Lawrence Hurley writes this article on Reuters about the refusal of the Supreme Court of a lawsuit that sought to force the Senate to vote on the confirmation of Merrick Garland to SCOTUS.
In Hurleys’ first nod to fake news spin, he calls Garland a “a moderate appeals court judge“. When a Mockingbird Media organ says somebody is “moderate” or a position is “moderate”, they are speaking a foreign language, they are not speaking English as in standard English. “Moderate” is a subjective word, besides, and so it says nothing about whether a court appointee is truly moderate.
Moderate, according to the most relevant Merriam-Webster definition:
“professing or characterized by political or social beliefs that are not extreme”
Garland’s past decisions show how Mockingbird Media and the Mockingbird Education Complex has abused the language to try to promote Orwellian Newspeak.
Senator Pat Toomey-PA points out that in cases involving the EPA that came before his court, Garland ruled in favor of the usual EPA unconstitutional over-reach in 90 percent of those cases. In the few times he ruled against the EPA, he said it was not enough abuse [my word] of regulatory powers.
In one such case, the court ruled that a rational cost-benefit comparison was “irrelevant”. So if, for example, saving the cross-eyed black-and-white purple polka-dot people eater would bankrupt the national treasury, this is irrelevant? Garland’s opinion was over-ruled at the Supreme Court, where Scalia joined the majority.
But Reuters says this is a “moderate”.
At the time of Ruth Bader Ginzburg’s nomination by Bill Clinton, she was at the time “regarded as a moderate”. If you dig down into why she was so regarded, it was because that was the usual Mockingbird Press talking point, not because of any objective “moderation” measuring stick.
After all, this was an ACLU attorney. Come on, “moderate”?
Her reason for saying she thought Roe v Wade was a mistake? Because it galvanized pro-life opposition to prenatal infanticide (the euphemism is “abortion”).
Now Merrick Garland has ruled against the Second Amendment in a case named by the NRA, where his opinion was that the right to bear arms was not an individual right.

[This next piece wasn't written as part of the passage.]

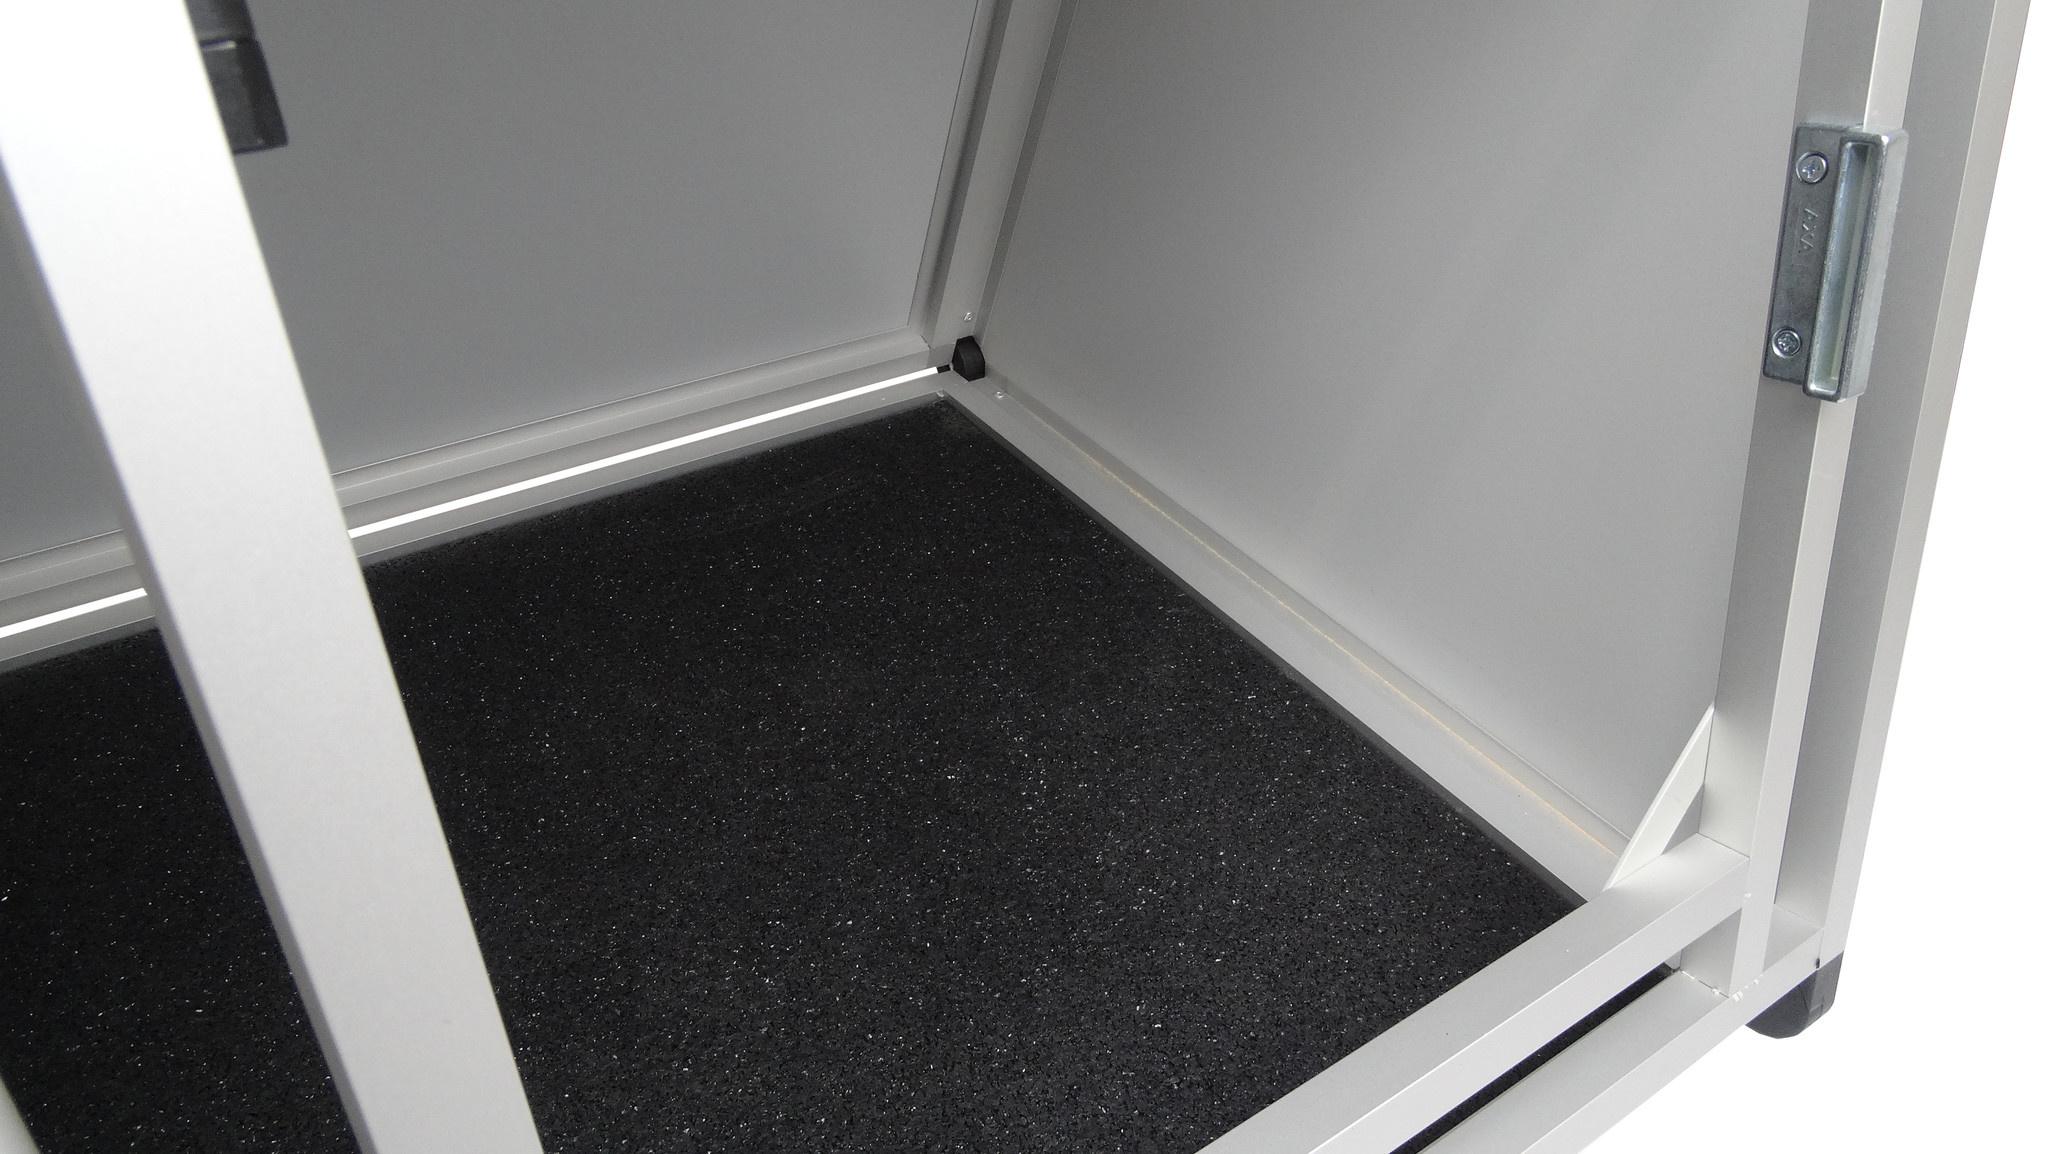 Hundos  Pro autobench aluminium S 58x75x65 cm

No matter how much Mockingbird Press and Media mocks us by tireless repetition otherwise, the right to bear arms is an individual right and to say otherwise, that is an extremist position.
To say that any one of the rights listed in the Bill of Rights is a collectivist right and not an individual right, is an extremist position. To say that any group, as such, has a “right” based on their differences from other groups, that is an extremist collectivist deviation from the way most Americans have thought since independence.
Reuters also says that the refusal by the Senate has “little precedent in U.S. history”. This is not just spin, it is a lie.
For example,the Senate Democrats did a six-month “filibuster” against the nomination of Miguel Estrada to federal court. Estrada withdrew his name from consideration 28 months after he was nominated. The Democrats objected for ideological reasons while claiming other excuses.
“Little precedent”, Reuters? There is the matter of both Senator Hillary Clinton and Senator Barack Obama trying to block a vote on the nomination of Samuel Alito to the Supreme Court.
Well, at least they avoided the more obvious lie of “unprecedented” that some lying political mouths used.
All you power players trying to get in on a piece of Satan’s award of political power documented in Matthew 4 of the Bible, remember that “God is not mocked”, and “whatsoever a man soweth, that shall he also reap”.
But in Isaiah 1:18 God also promised that if you “reason together” with him, “though your sins be as scarlet they will be white as snow”. And Jesus promised that “he that cometh to me”, he will in “no wise cast out”.